I’ve been a vegan for the last five years.  I have always intuitively connected not using animal derived products to my feminist politics, but only recently was asked to articulate this relationship for a symposium at at local college.  Once I dedicated time, thought, and research to the topic I found many different facets of the intersection, not only between speciesism and gender, but also race and class.

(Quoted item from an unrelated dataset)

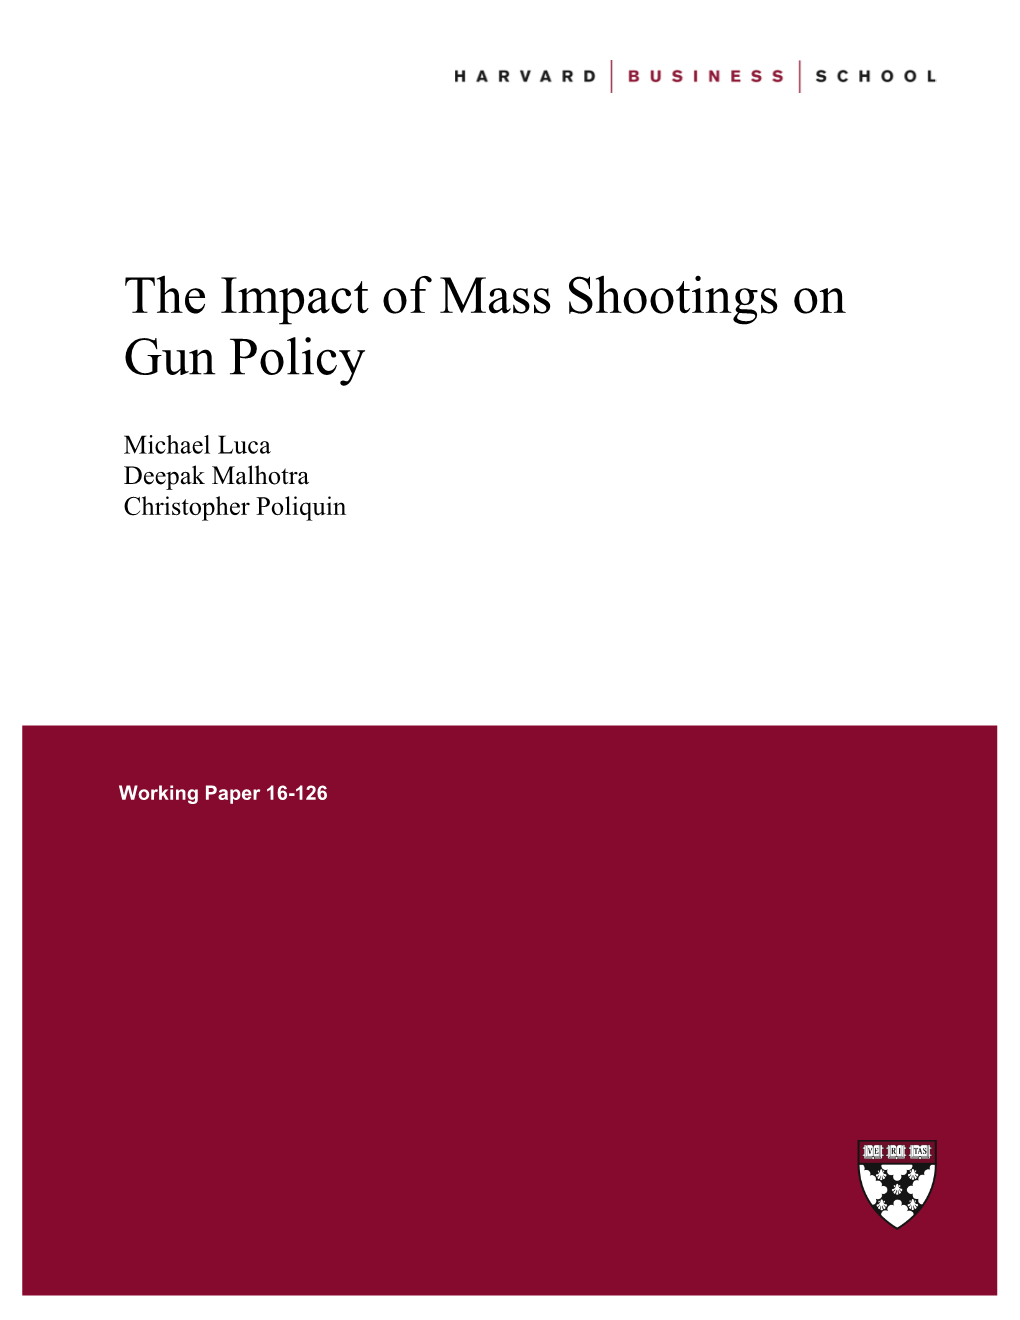 The Impact of Mass Shootings on Gun Policy

One approach to the topic examines notions of masculinity and femininity within our culture.  Men are often denied emotion, feelings, compassion. Instead rationalization, hierarchy, and conquering are embedded within our notions of masculinity.  Discussed in the works of Max Weber and Theodor Adorno, modernity has contained the thematic of dominating nature (or the feminine).  In reading the work of Carol Adams, I learned that historically men have been the ones to consume meat and determine women’s consumption of meat, despite women’s work caring for the animals and preparing the food.  So while manly men are associated with the active ‘beefing’ up, women are associated more with vegetables. Even in societies where food is more plentiful we can see these distinctions in cookbooks, popular culture, and socialization behaviors (i.e. the bar b que).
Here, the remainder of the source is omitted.